Object detection and localization is one of the key challenges in autonomous driving Geiger et al. (2012) and robotics Wolf et al. (2016). Compared to the performance of 2D object detection in images the results in 3D object detection lag behind considerably, mainly caused by increased difficulty of the localization task. Instead of fitting axis-aligned rectangles around the part of objects that is visible in the image plane, the main challenge in 3D detection and localization is the amodal oriented 3D bounding box prediction in 3D space, which includes the occluded or truncated parts of objects.

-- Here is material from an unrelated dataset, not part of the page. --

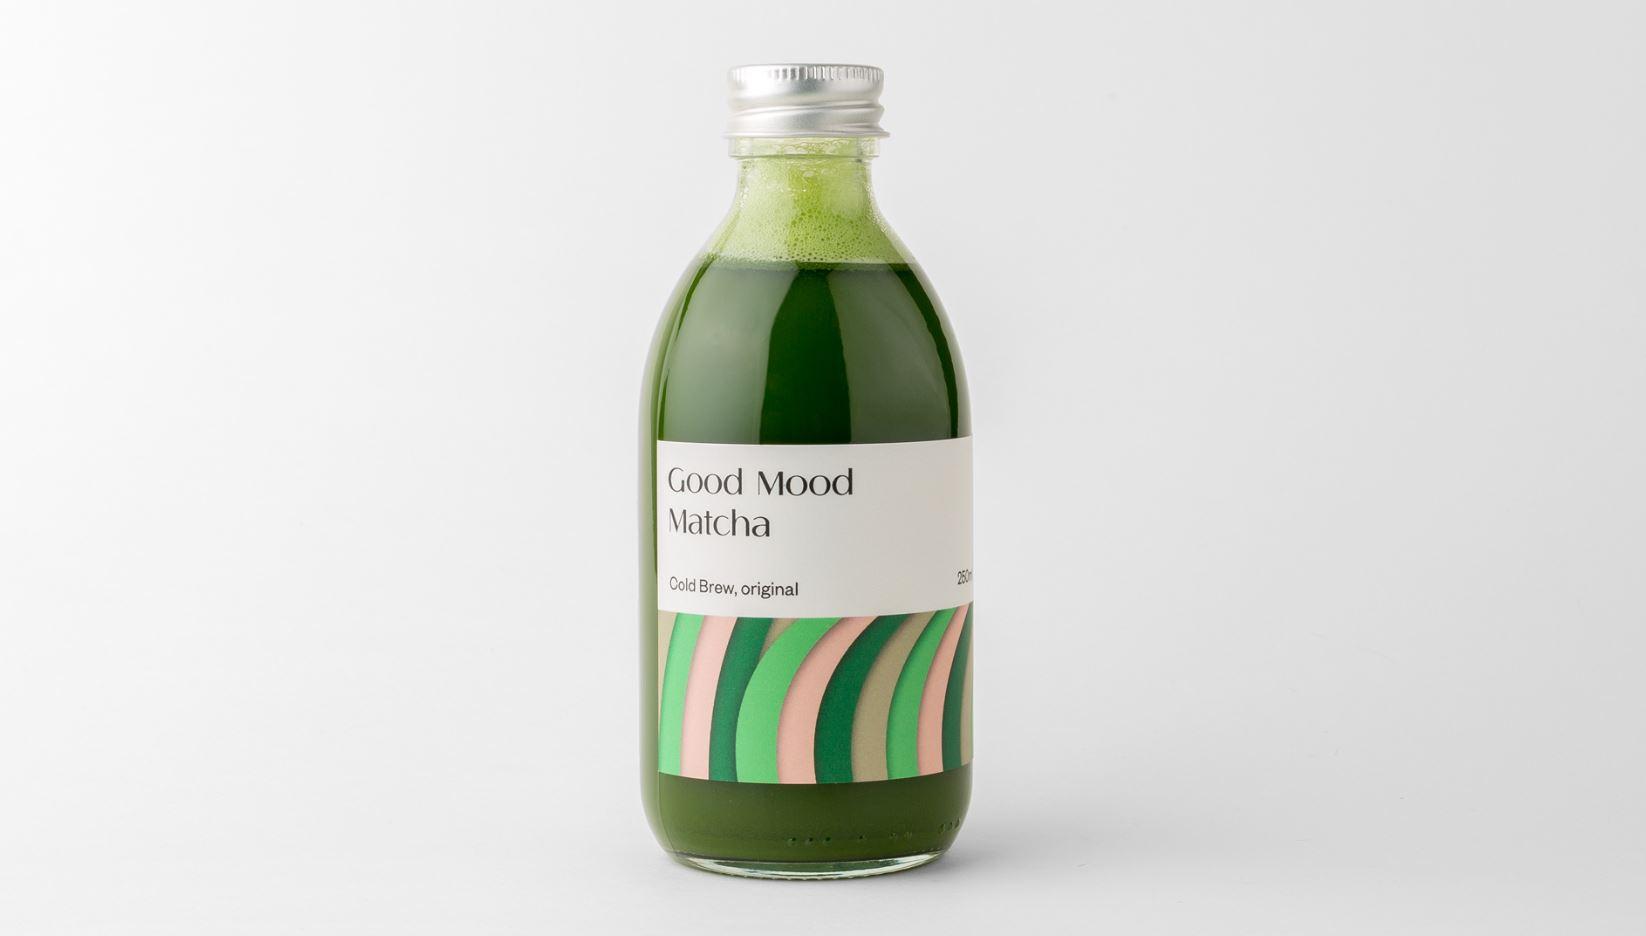 Good Mood Match抹茶品牌形象和包装设计

Despite the recent advancement of image-only 3D detectors Wang et al. (2019); Li et al. (2019) point cloud information from LiDAR sensors is a requirement to achieve highly accurate 3D localization. Unfortunatly, LiDAR data is represented as an unordered, sparse set of points in a continuous 3D space and can not be directly processed by standard convolutional neural networks (CNNs). Deep CNNs operating on multiple discretized 2D Bird’s Eye View (BEV) maps achieved early success in both 3D Chen et al. (2017); Ku et al. (2018) and BEV Yang et al. (2018) detection. Simply discretizing point clouds is inevitably linked to a loss of information. Current state-of-the-art 3D object detection is largely based on the seminal work PointNet Qi et al. (2017). Pointnets are used in combination with 2D image detectors to perform 3D localization on point cloud subsets Qi et al. (2018); Shin et al. (2019). Two-stage approaches Shi et al. (2019) use PointNets in an initial segmentation stage and a subsequent localization stage. Voxelnet Zhou and Tuzel (2018) introduces Voxel Feature Encoding (VFE) layers which utilize PointNet to learn an embedding of local geometry within voxels, which can then be processed by 3D and 2D convolutional stages. Others Yan et al. (2018); Lang et al. (2019) add further improvements to Voxelnet.

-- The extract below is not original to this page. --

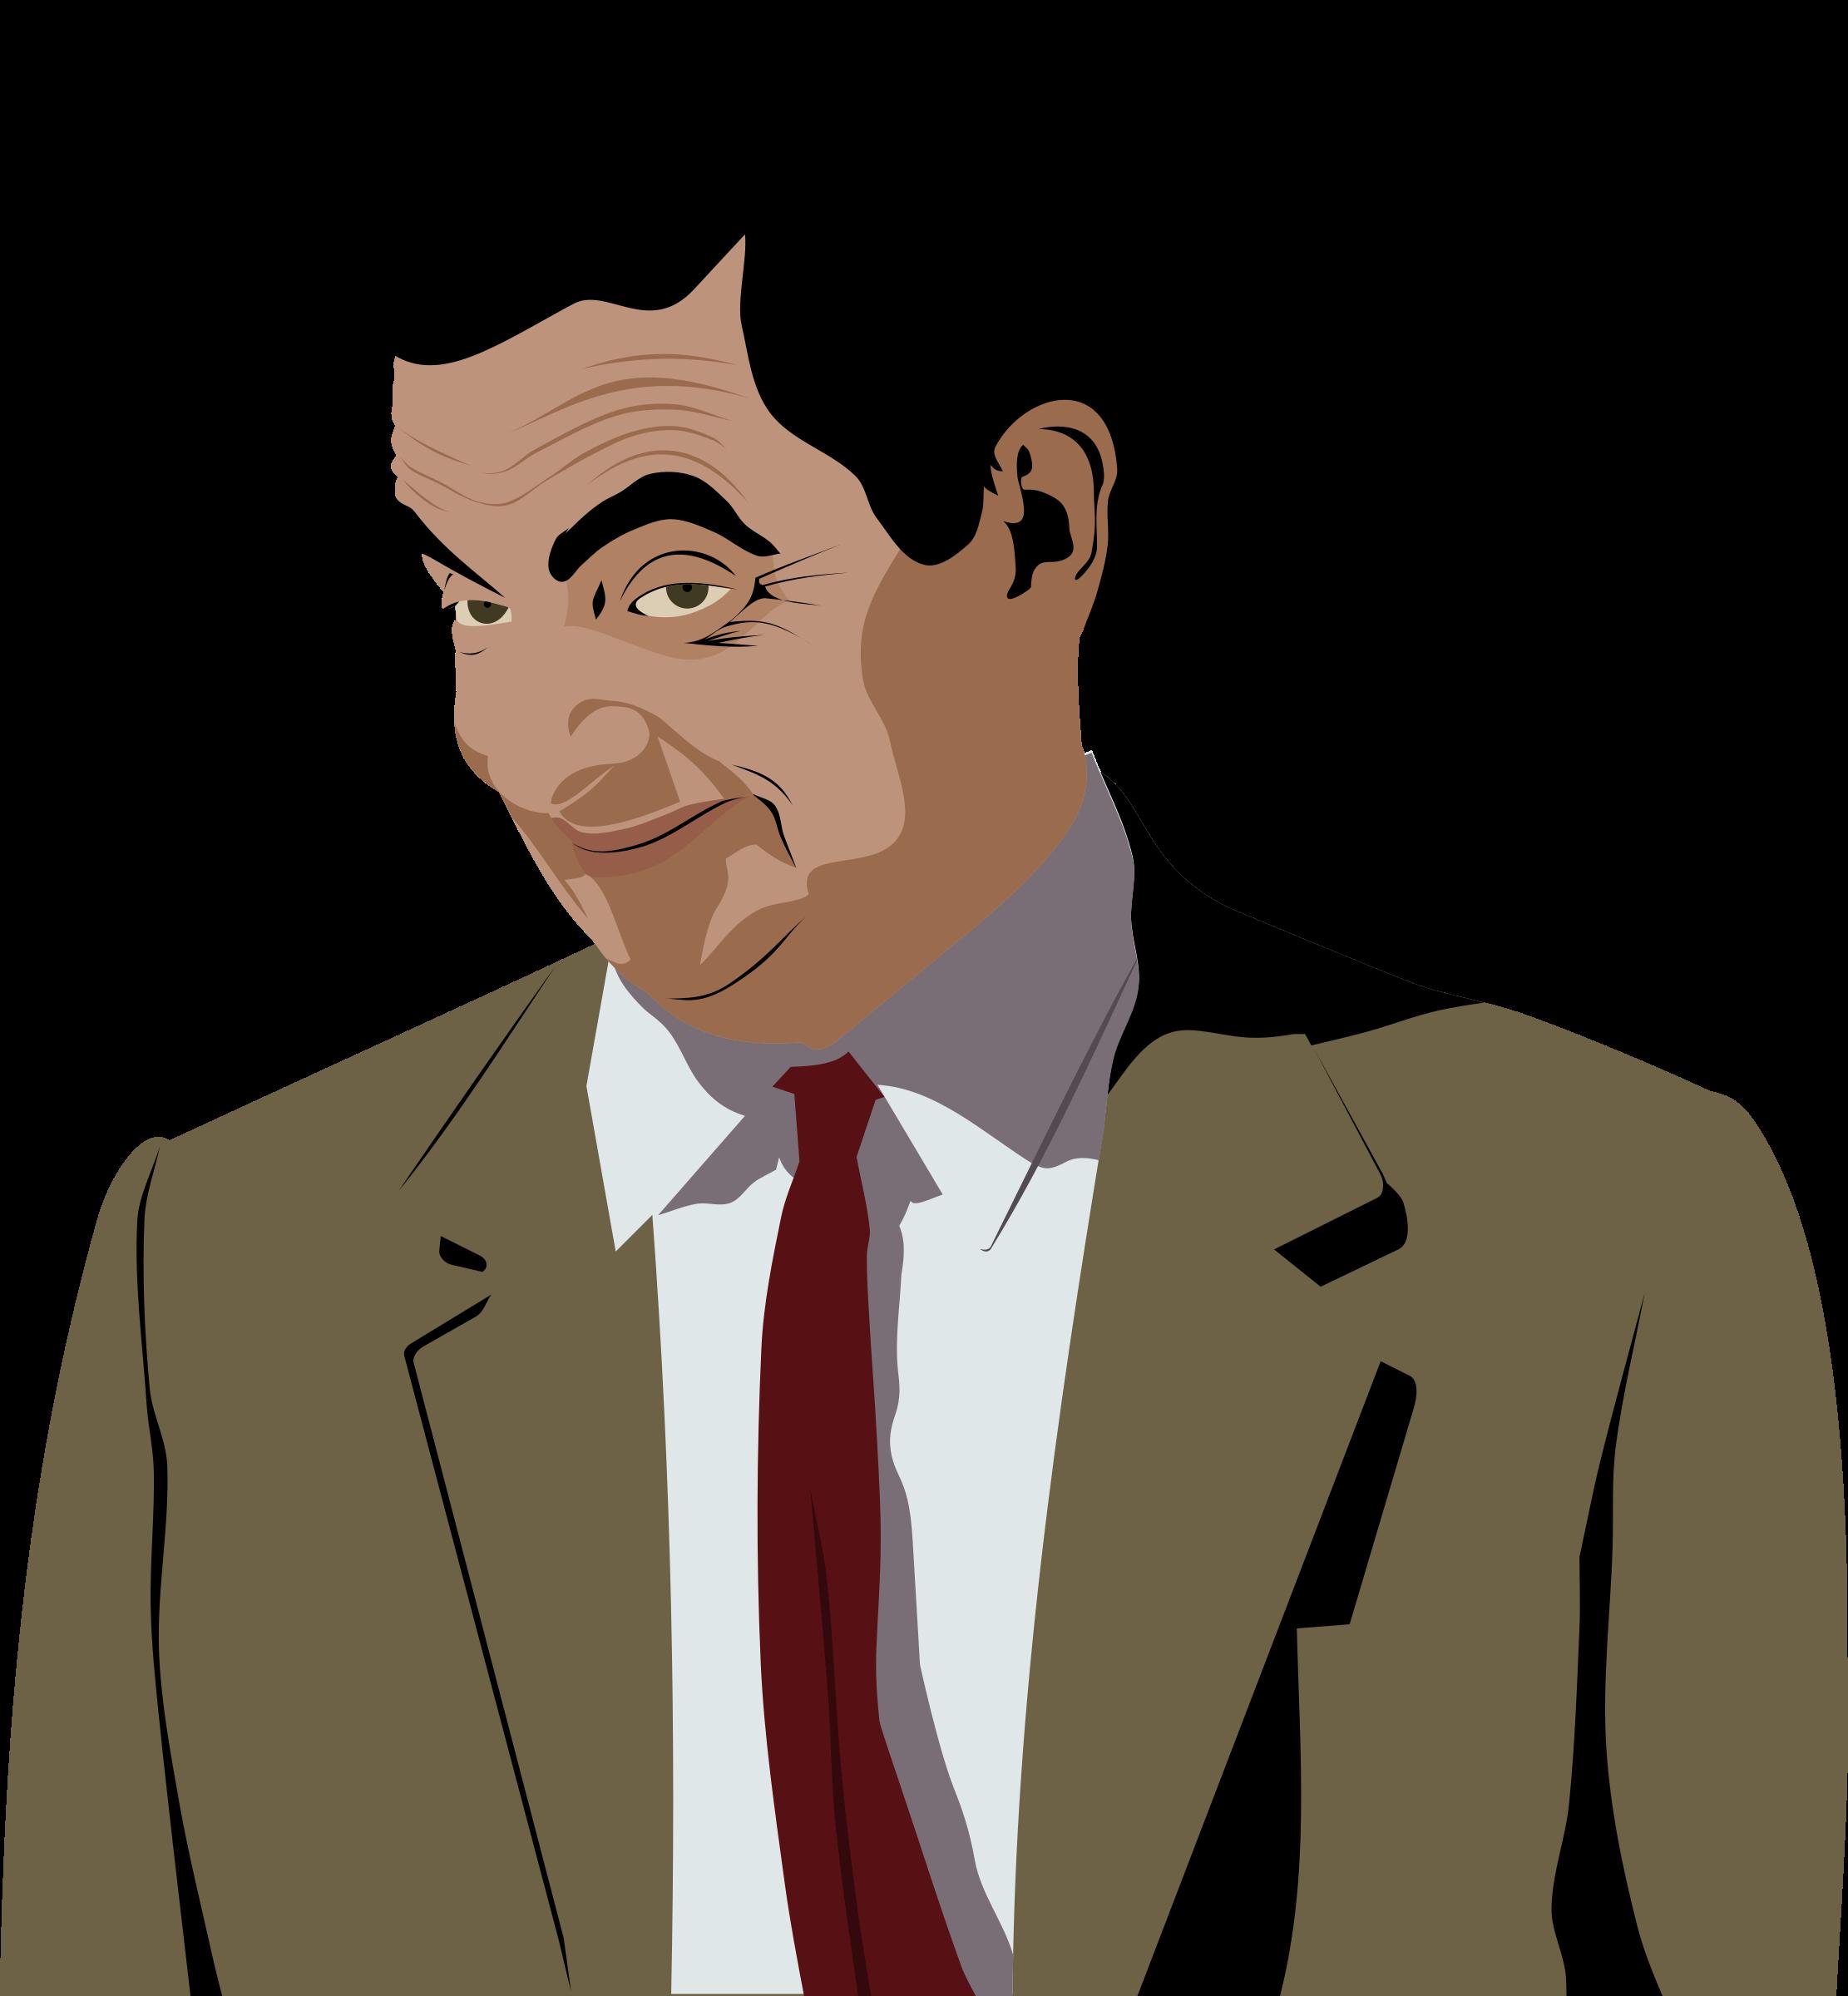 Rowan Atkinson Png Image British Sitcoms Comedians Comic Actor

Voxelnet is a single-stage model, as such it applies VFE-encoding with a uniform resolution on the whole scene, although such a resolution is only necessary at locations that contain objects. As a consequence, it is severely limited by memory constraints, especially during training, where only a batch size of 2 can be processed by a GPU with 11 GB of memory. Given the typical sparseness of objects within a LiDAR scene, only a few subsets contain viable information to train regression Engelcke et al. (2017). But in the case of Voxelnet Batch Normalization layers Ioffe and Szegedy (2015) break this local independence.
To be able to train a small detector focused on 3D bounding box regression, we decompose the task into a preliminary BEV detection step and a local 3D detection step, similar to the two-stage approach of R-CNN Girshick et al. (2014). Object sizes are bound and unaffected by the distance to the sensor. We construct a Local Refinement Network (LRN) that operates on small subsets of points within a fixed-sized cuboid, which we term ”patches”. The RPN does not have to perform warping and independence of the LRN can be achieved by training with some noise to account for proposed locations that are slightly offset. We favor an independent approach because it enables additional augmentation options, the higher resolution features have to be calculated in any case and it allows us to evaluate the regression ability of the LRN without the influence of an RPN.
Our work comprises the following key contributions:
We demonstrate that it is a viable approach to decompose the 3D object detection task in autonomous driving scenarios into a preliminary BEV detection followed by a local 3D detection via two independently trained networks.
We show that it takes only a few simple modifications to utilize the Voxelnet Zhou and Tuzel (2018) architecture either as an efficient Region Proposal Network or as a Local Refinement Network that is capable to perform highly accurate 3D bounding box regression and is not limited to fixed input space.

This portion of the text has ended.